In this northern Alberta county, the Zamboni has gone electric


The coolest electric automobile in the County of Grande Prairie’s fleet is … a Zamboni.

The boxy blue and white ice resurfacer, powered by a lithium-ion battery, is protecting the ice easy and quick at the Crosslink County Sportsplex in Clairmont, a hamlet simply north of Grande Prairie.

“The workers are actually having fun with the quieter operation and the zero emissions which can be emitted by the new electric Zamboni,” mentioned Nora-Lee Gilkyson, the county’s assistant supervisor for parks and recreation.

“Typically with these sorts of issues, they’re on a alternative cycle. So the different propane model was scheduled to get replaced.”

Going electric

The battery-powered ice resurfacer is a brand new addition this fall for the County of Grande Prairie, which additionally has an electric John Deere utility automobile in its fleet.

Across the province, a rising variety of municipalities have been flooding their rinks with the Zamboni Electric in a bid to chop emissions and enhance  enviornment air high quality.

Since 2019, the Municipal Climate Change Action Centre — a partnership between Alberta Municipalities, Rural Municipalities of Alberta and the provincial authorities — has allotted $1.25 million to assist municipalities purchase new ice resurfacers.

To buy its electric Zamboni, the County of Grande Prairie acquired a grant from the local weather change motion centre that coated 30 per cent of the $153,750 price.

Other electric automobile grants have been supplied to High Level and Mackenzie County in the north, and to southern communities like Coaldale and Medicine Hat.
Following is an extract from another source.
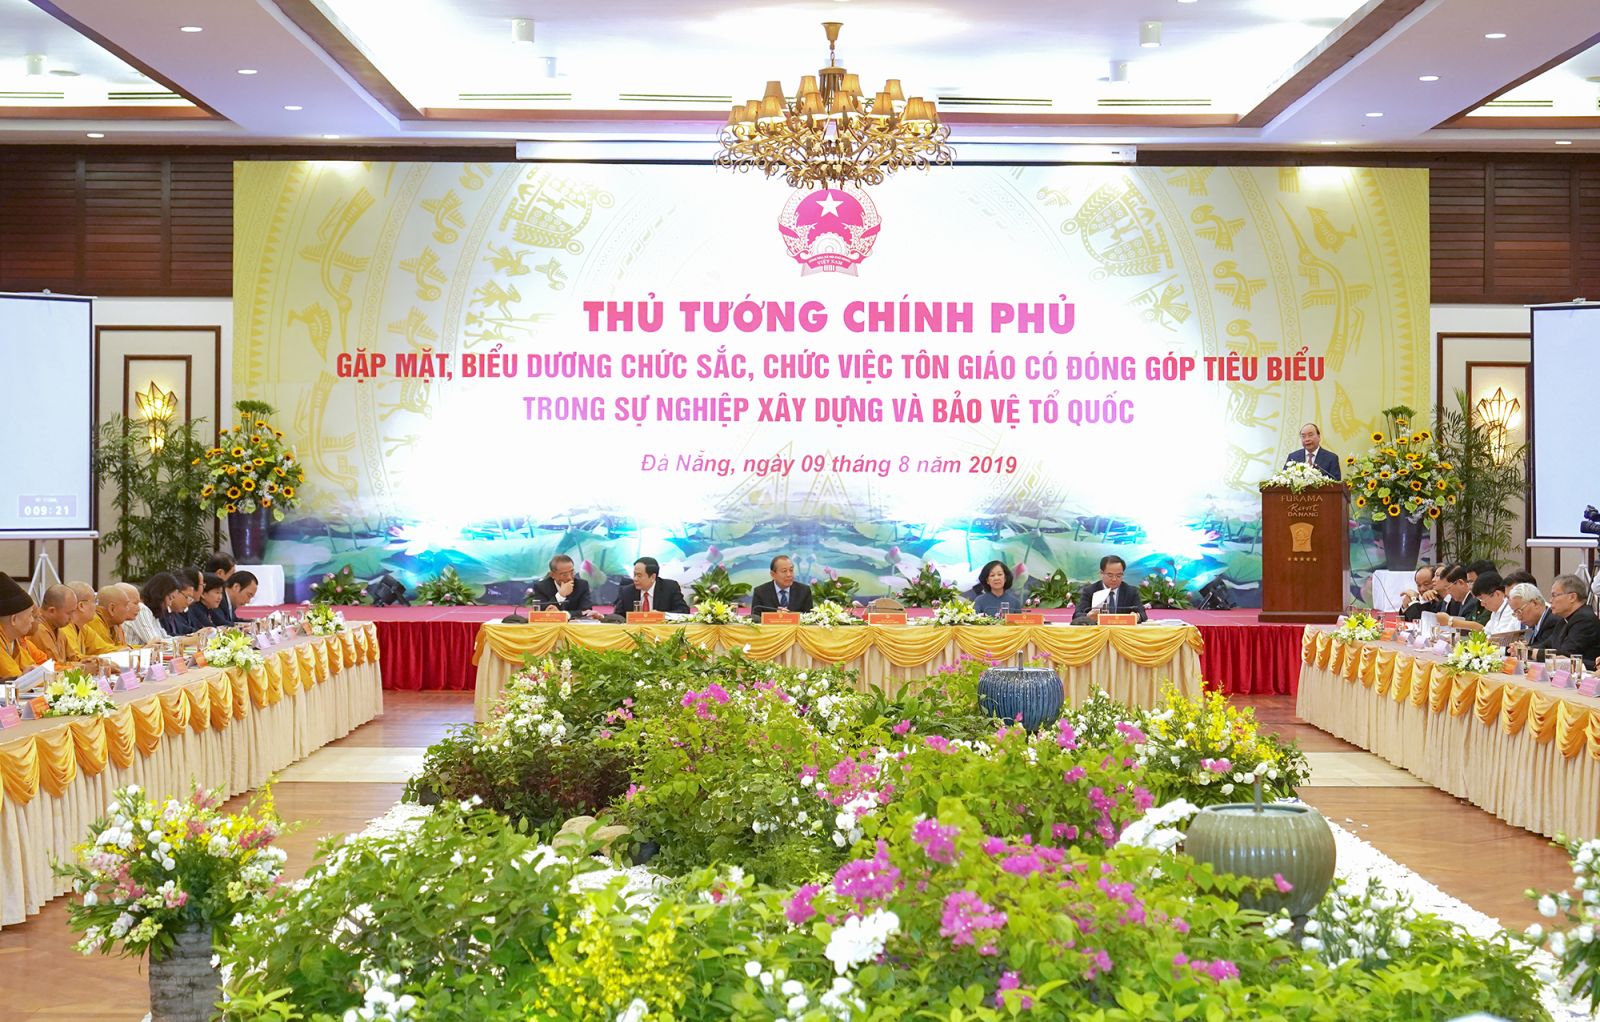 Đại đức Thích Quảng Hiền vinh dự được thủ tướng chính phủ  mời tham dự buổi gặp mặt, biểu dương các chức sắc, chức việc tôn giáo tiêu biểu.

Once all present tasks are accomplished, 26 battery-powered ice resurfacers will probably be at rinks in 20 counties, cities and cities.

The City of Leduc, south of Edmonton, bought a Zamboni Electric with assist from the funding program in February 2021.

A Zamboni Electric arrived at the Crosslink County Sportsplex in Grande Prairie in September. (Luke ettinger/CBC)

Brandon Weber, amenities supervisor at the Leduc Recreation Centre, drives an electric Zamboni there. He mentioned ice resurfacers and his fellow drivers are integral to the enviornment.

“To be trustworthy with you, they’re the unsung heroes for certain,” Weber mentioned of his colleagues.

The new addition in Leduc is a “smoother rider,” quieter and with much less vibration than a daily model, he mentioned.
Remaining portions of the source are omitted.